Monday, December 20, 2010

On having a schtick

...or how to brand yourself as an important classical musician.

I wasted a good deal of time the other day watching videos of Glenn Gould. No, not wasted. Invested. Don't get me wrong, this man is an artiste (I use the French to show that I mean it. I show that I mean that I mean it by referring to French as "the French.") Glenn Gould is a master. And like all great masters, he also has a great schtick (from the Yiddish).


1. Know yourself.

If you ever want somebody to make 32 short films about you, you also need to figure out a schtick. Because here's the thing: there are any number of young pianists at Curtis that can play all the right notes in Beethoven Opus 35, and they regularly win various piano competitions that (unless you're a pianist) you probably haven't heard of. So what makes Gould so captivating? Because he stretches the rests just a little bit longer? Maybe. But let's be real, when we talk about about Gould, are we really just talking about his tempos and his rest stretchings? His performances are about much more than the piece, they are also about him. This is why some people hate them so much. Like any good politician or celebrity, he inserts himself into the discussion. His public persona and his actual performance of a piece are inseparable- they are part of the same schtick. For Gould it's so natural, it's very easy to forget it's happening, though not for everybody.

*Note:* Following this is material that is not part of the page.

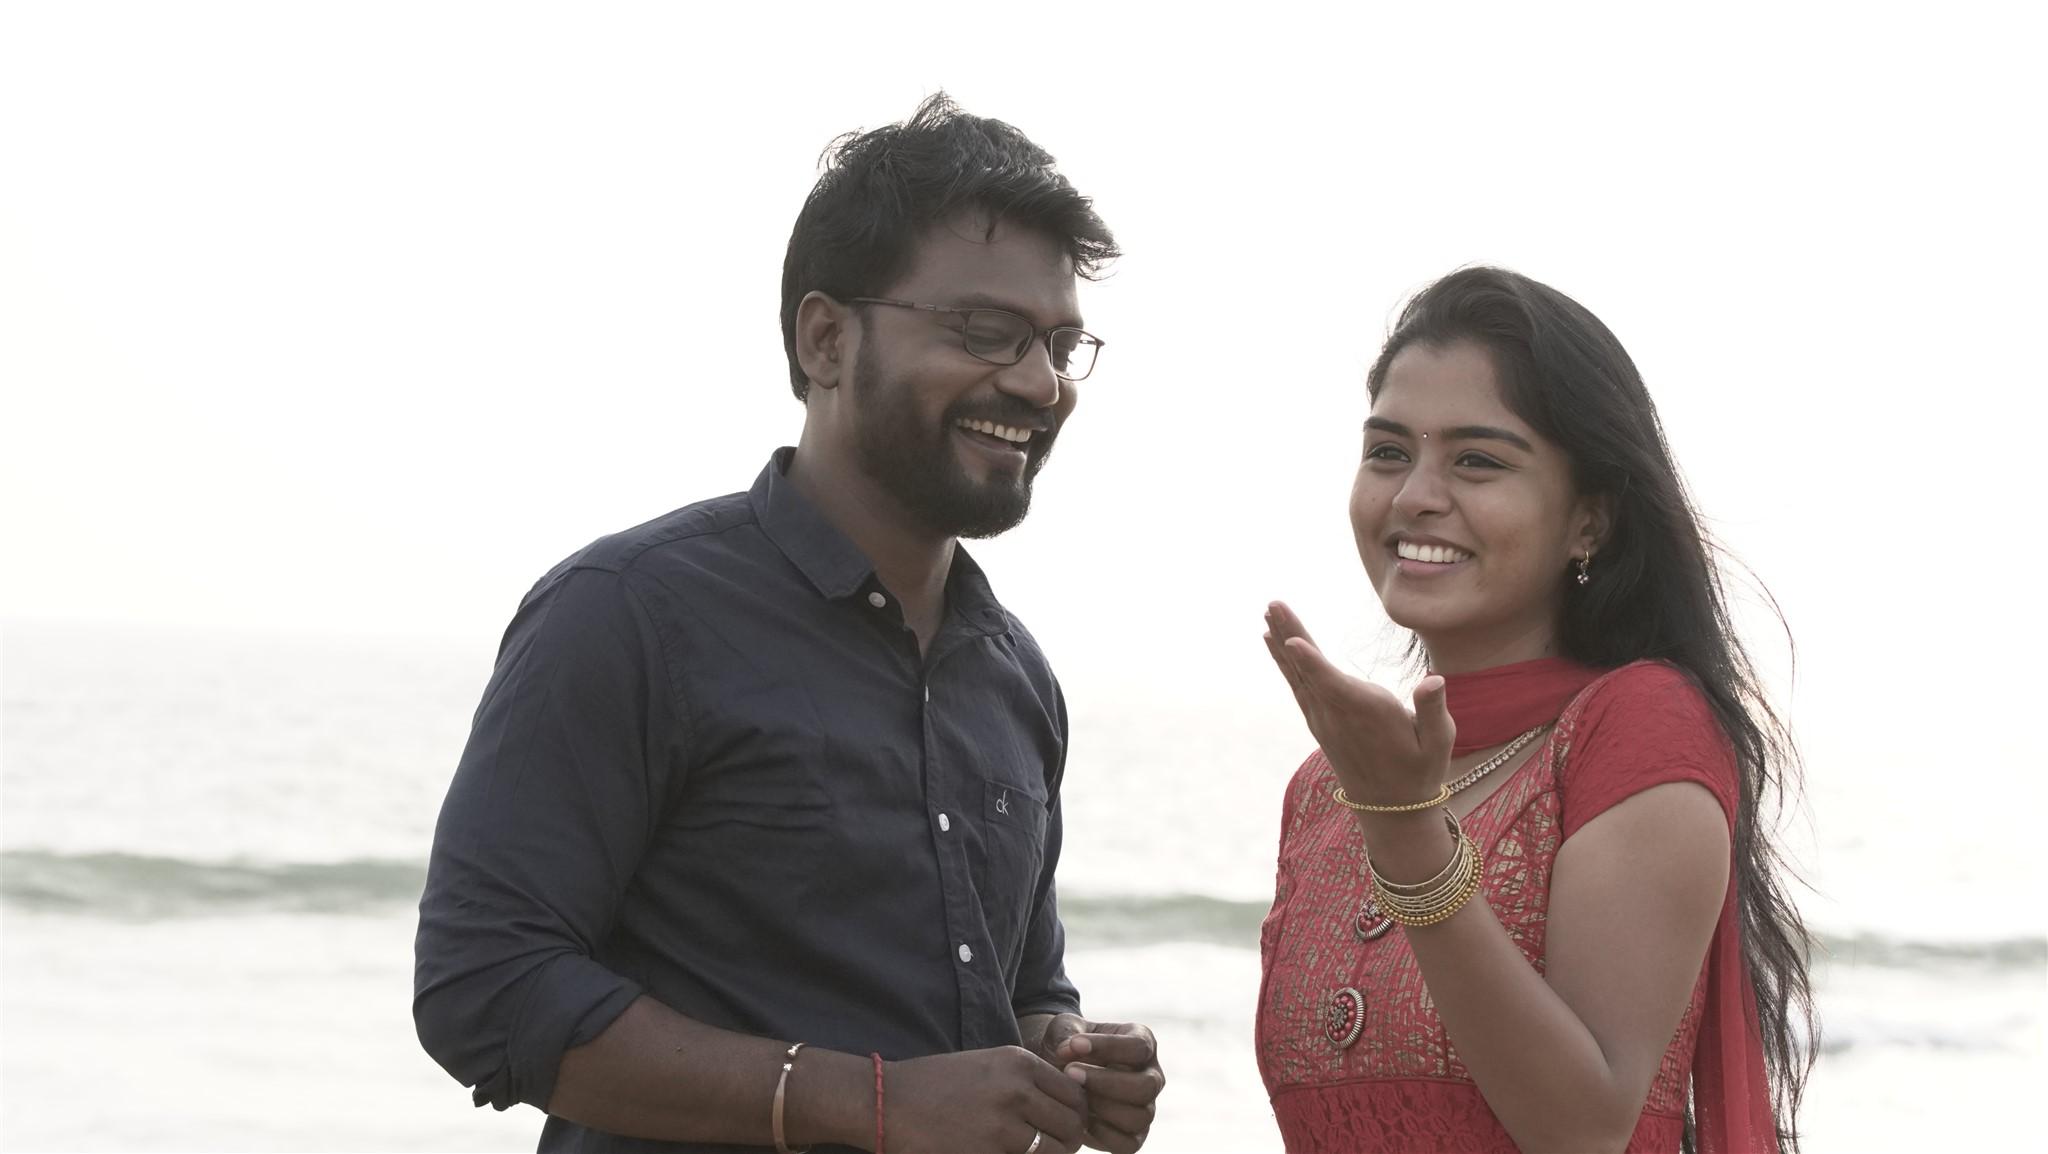 Masss Ravi, Lakshmi Priya Kaathu Vaakula Oru Kadhal Movie Pics

2. Know your target audience

Now most super famous soloists have a schtick of some sort. A hook, if you will. A tag-line that the media can run with, so that people can understand where they're coming from- in one sentence or less. Brevity is key, and if its subject is predominantly musical, you will only get so far ("prefers pieces in the key of B-minor" is not the most powerful choice). This also applies to composers. You've got to have a thing. Steve Reich wears a baseball hat, and invented minimalism sort of. Golijov is all crazy cosmopolitan, you know, and does world music. Michael Daugherty's schtick is kind of subtle, but I'm pretty sure it has something to do with the fact that he's gigantic (*insider composer humor). Lang Lang is that flamboyant Chinese pianist. Sometimes it's enough just to come from some exotic country and to be really, really, incredibly good looking, like the Beatles, or so I'm told. Your schtick doesn't have to be hard to understand, or politically correct. In fact, the fewer words it takes to describe it, the better. That way people will remember it easier. And if it can somehow fit into a larger cultural stereotype, excellent! Like, I suspect many Americans generically expect Chinese people to be good at piano, just as 1960s American girls generically expected British boy bands to be phenomenally sexy (or so I imagine). It just feels right. You don't want people to have to think too hard about it.

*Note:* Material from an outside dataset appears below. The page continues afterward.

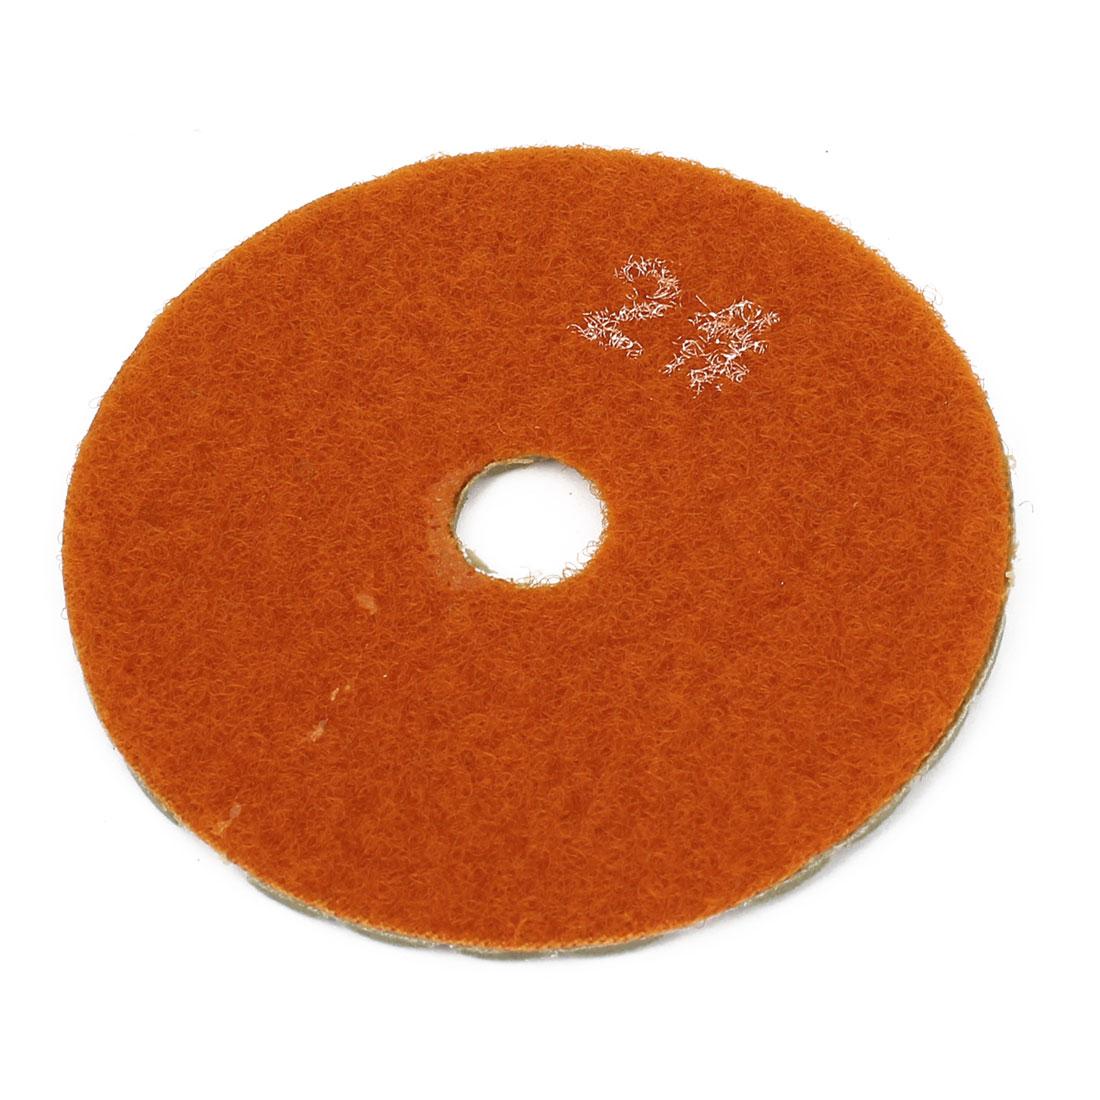 "Diamond Dry Polishing Pad Grit 150 3"" Diameter Khaki Orange for Grinding"

3. Take advantage of your toolbox

Glenn Gould's thing is that he's freaking nuts. And he loves Bach, and he's not afraid to show it. But what else would you expect from someone who's nuts? Or maybe it's just that music affects him that much. By implication, more than you. In other words, he's a crazy genius.

4. Be consistent

He only plays piano from the same old custom-built chair (it's a trademark). He was a self-professed hypercondriac, always wearing gloves and wool coats, even in Miami. He (famously) sang while playing, and claimed he was incapable of stopping. He had multiple comic musical-personalities he somehow convinced the CBC to record and broadcast, and he had a minor second career as a nature film maker. He seduced composer Lukas Foss's wife, who left Foss for Gould (and later returned to him) in a classical music sex-scandal the likes of which our business rarely enjoys so publicly. And most of all, he famously swore off live performance at the height of his popularity (three years before the Beatles did), sending the value of his brand into the artistic stratosphere.

In other words, Gould's a marketing genius. He understood that to be a truly marketable classical musician, it takes more than just being really good at your instrument (though that's a necessary requirement). You've got to have a brand. And Gould built and maintained his brand with exceptional skill. He fit so perfectly in with what we wanted to believe a crazy genius was like. It all just fits so seamlessly into our western narrative of genius.

Ever since Beethoven invented the "crazy genius" schtick at the turn of the 19th century, it's been a very popular marketing strategy for many young composers, artists, and performers. I'm not sure that many have pulled it off with quite the success of Gould since.



More recently the crazy genius schtick has fallen somewhat out of fashion. Many young composers today seem to be opting for a more "crazy GQ" persona. Of course, if somebody tried to be Gould today, they would be ridiculous. He already owns that niche. It's the same reason why it would be hard for a baseball-cap-wearing minimalist who writes for keyboard percussion to make a mark, or a second international super-star flamboyant Chinese pianist. It's trademark infringement! But mostly, the marketplace just isn't big enough to support copies. You're gonna have to develop your own brand.